# Super Bowl picks...



## I Are Baboon (Jan 25, 2005)

OK, final week of the playoff contest.  Here are 6 questions.  Each correct guess gets you a point.

1)  Pick the winner:  Patriots or Eagles?

2)  The spread is 7 points.  Will the Patriots cover?

3)  The over/under is 48.  Which will it be?

4)  What team scores first?

5)  Who will have more passing yards, Donovan McNabb or Tom Brady?

6)  Who will have more rushing yards, Brian Westbrook or Corey Dillon?

Tie Breaker (only used to break a tie in the standings):  Who wins Super Bowl MVP honors?


----------



## I Are Baboon (Jan 25, 2005)

Recap (UPDATED), STANDINGS SO FAR (based on number of correct picks):

*8-2*
JJJ
ALBOB

*7-3*
I Are Baboon
Flex

*6-0*
Cold Iron

*6-4*
Dale Mabry

*5-5*
Archangel
DFINEST
Goodfella
Jodi
Pepper

*4-2*
BoneCrusher
dg806

*4-4*
gr81
Ponyboy

*4-6*
IainDaniel
SJ69

*3-3*
min0 lee
little kid

*3-7*
PreMier

*2-0*
JerseyDevil

*2-2*
iceman
Exordus

*1-1*
SuperTech


----------



## I Are Baboon (Jan 25, 2005)

My picks:

1)  Pick the winner:  Patriots or Eagles?  *Patriots*

2)  The spread is 7 points.  Will the Patriots cover?  *Yes*

3)  The over/under is 48.  Which will it be?  *over*

4)  What team scores first?  *Patriots*

5)  Who will have more passing yards, Donovan McNabb or Tom Brady?  *Tom Brady*

6)  Who will have more rushing yards, Brian Westbrook or Corey Dillon?  *Brian Westbrook*

Tie Breaker:  Who wins Super Bowl MVP honors?  *Tom Brady*


----------



## Dale Mabry (Jan 25, 2005)

1)The Pats

2)Yes

3)Under

4)The Pats

5)Tom Brady

6)Corey Dillon

Tie Breaker)Tom Brady


----------



## Hillside (Jan 25, 2005)

1) Pick the winner: Patriots or Eagles? Pats

2) The spread is 7 points. Will the Patriots cover? Yes

3) The over/under is 48. Which will it be? Over

4) What team scores first? Pats

5) Who will have more passing yards, Donovan McNabb or Tom Brady? Brady

6) Who will have more rushing yards, Brian Westbrook or Corey Dillon?
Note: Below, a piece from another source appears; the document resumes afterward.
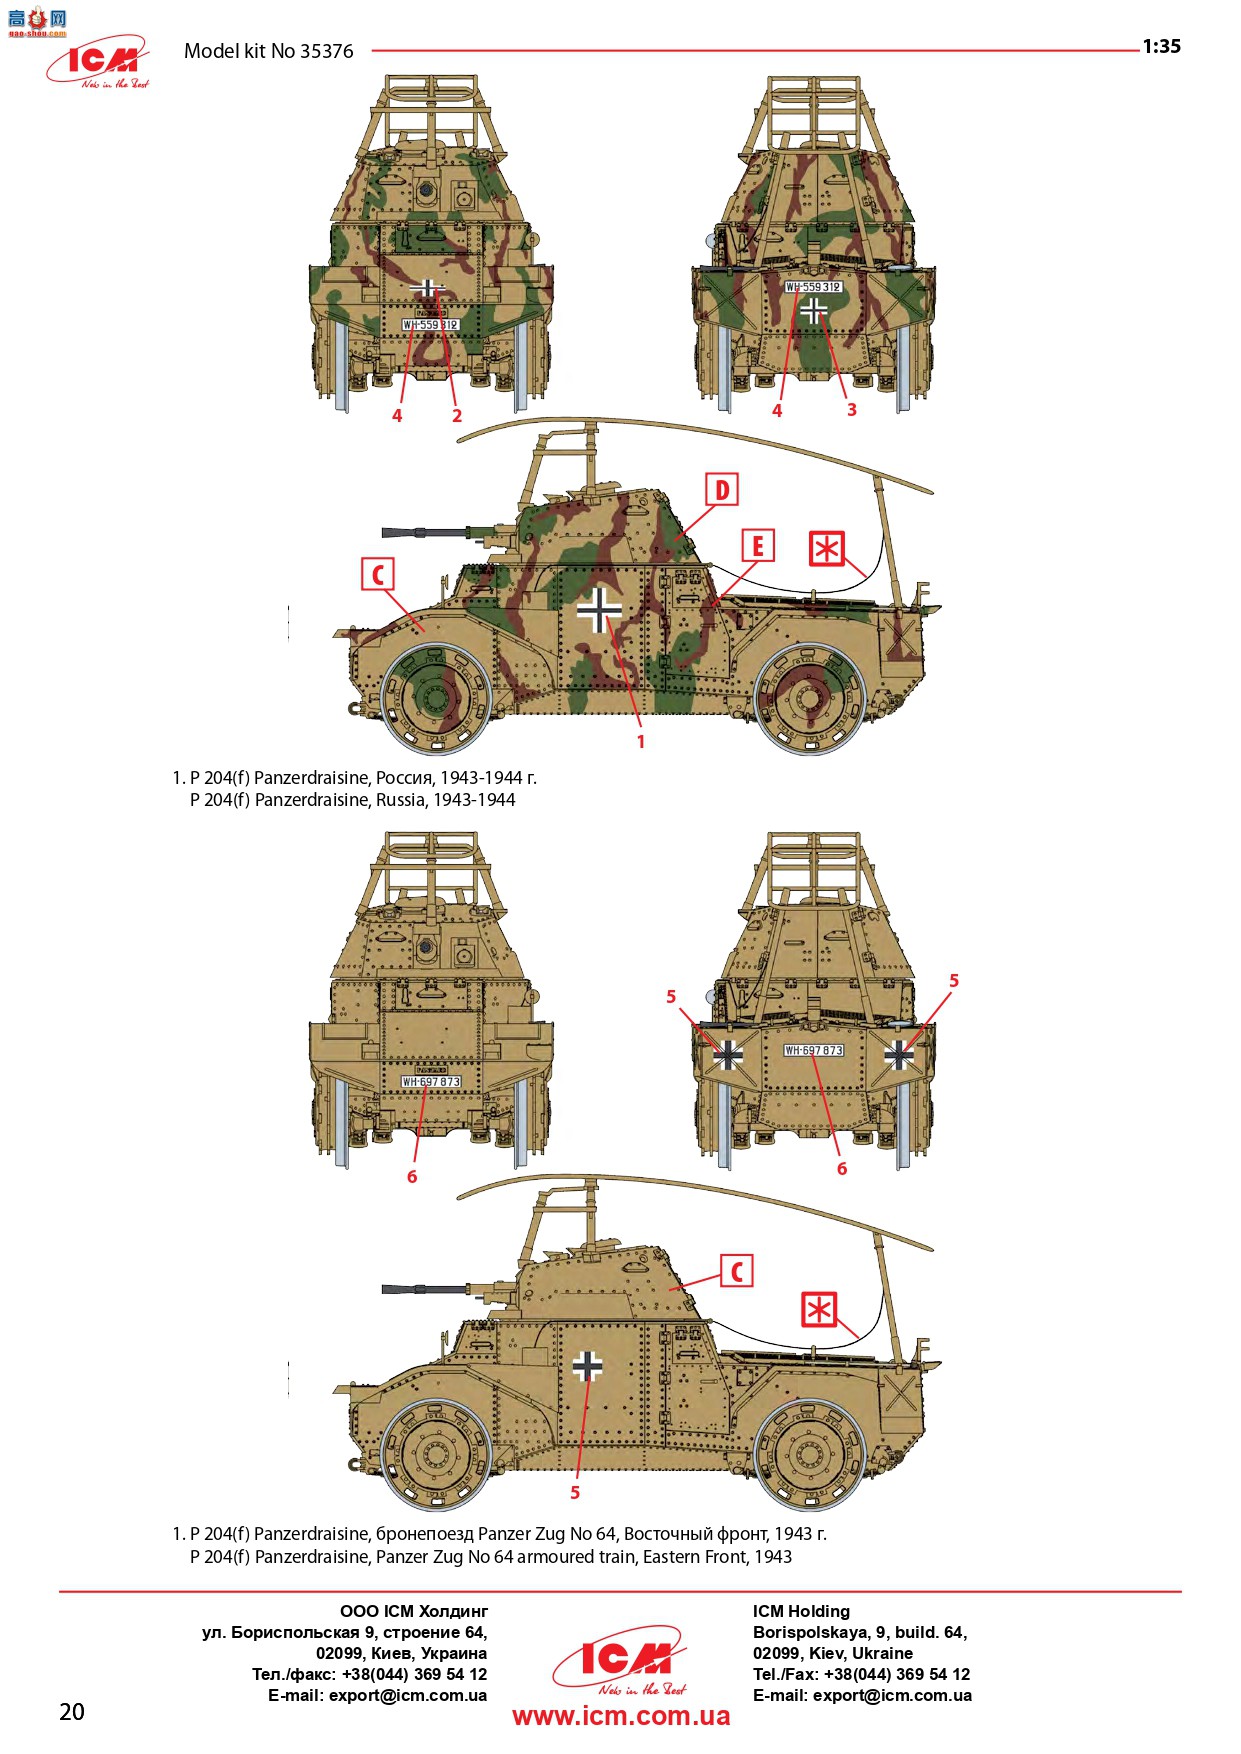 ICM װ׳ 35376 Panzersp&amp;#228;hwagenP 204(f)· ս¹װ׳
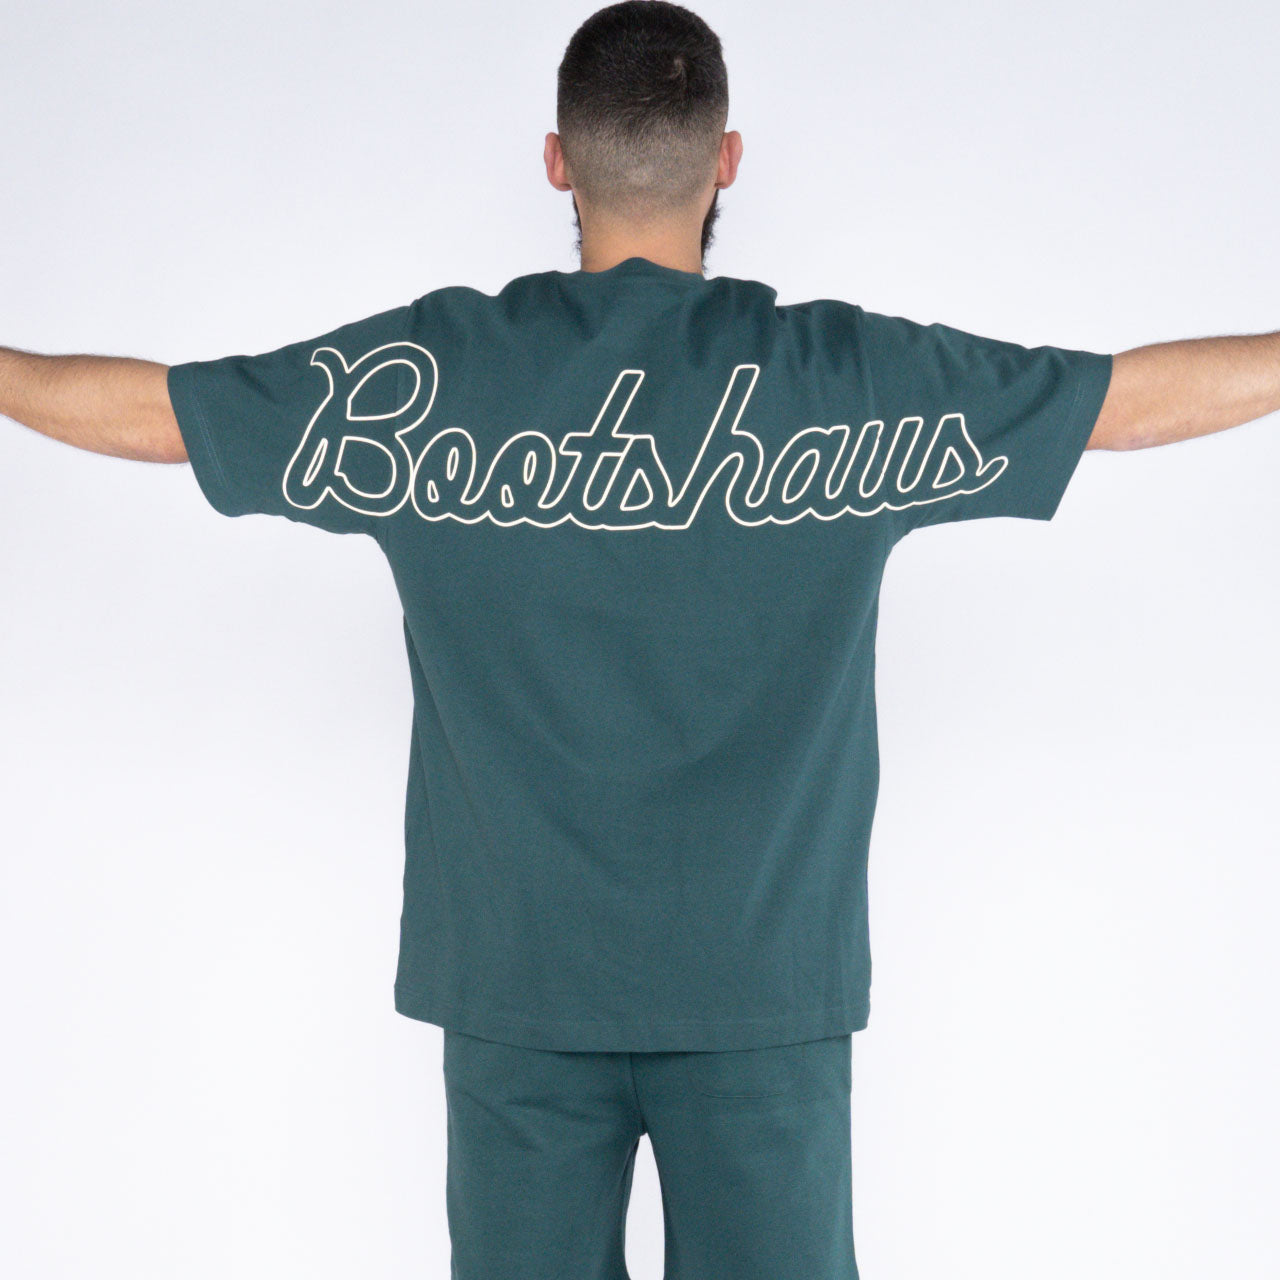 Bootshaus - Home of EDM Glazed Green Shirt & Shorts Bundle

Dillon

Tie Breaker (only used to break a tie in the standings): Who wins Super Bowl MVP honors? Brady


----------



## MTN WARRIOR (Jan 25, 2005)

I Are Baboon said:
			
		

> OK, final week of the playoff contest.  Here are 6 questions.  Each correct guess gets you a point.
> 
> 1)  Pick the winner:  Patriots or Eagles?  *Patriots*
> 
> ...


 * Brady*

I know I havent been playing all along, but wanted to throw in anyway


----------



## I Are Baboon (Jan 25, 2005)

MTN WARRIOR said:
			
		

> I know I havent been playing all along, but wanted to throw in anyway



Hey, it's all good.


----------



## Jodi (Jan 25, 2005)

1. Pats

2. Yes

3. Over

4. Pats

5. Brady

6.  Dillon

Tie Breaker.  Brady


----------



## Goodfella9783 (Jan 25, 2005)

1. Patriots

2. Yes

3. Under

4. Pats

5. McNabb

6. Dillon

TieBreaker: Corey Dillon


----------



## Flex (Jan 25, 2005)

1)  Pick the winner:  Patriots or Eagles?  *Patriots*

2)  The spread is 7 points.  Will the Patriots cover?  *Yes*

3)  The over/under is 48.  Which will it be?  *over*

4)  What team scores first?  *Patriots*

5)  Who will have more passing yards, Donovan McNabb or Tom Brady?  *Tom Brady*

6)  Who will have more rushing yards, Brian Westbrook or Corey Dillon?  *Corey Dillon*

Tie Breaker:  Who wins Super Bowl MVP honors?  *Tom Brady*


When the Pats win, and become the greatest dynasty in NFL history, I will beat IAB by one point to take the IM Superbowl trophy b/c Corey Dillon gains more yds rushing than Westbrook (who gets most of his total yards from the air)


----------



## tucker01 (Jan 25, 2005)

1) Pick the winner: Patriots or Eagles? *Patriots*

2) The spread is 7 points. Will the Patriots cover? *Yes*

3) The over/under is 48. Which will it be? *Under*

4) What team scores first? *Philly*

5) Who will have more passing yards, Donovan McNabb or Tom Brady? *McNabb*

6) Who will have more rushing yards, Brian Westbrook or Corey Dillon? *Dillon*

Tie Breaker (only used to break a tie in the standings): Who wins Super Bowl MVP honors?  *Brady*


----------



## Dale Mabry (Jan 25, 2005)

You'll be tied with me, they won't make the over/under


----------



## I Are Baboon (Jan 25, 2005)

Dale Mabry said:
			
		

> they won't make the over/under



Meh, what the hell do _you_ know?


----------



## ZECH (Jan 25, 2005)

If Owens is cleared to play the points will change dramtically.
What if it changes...............do we update out picks?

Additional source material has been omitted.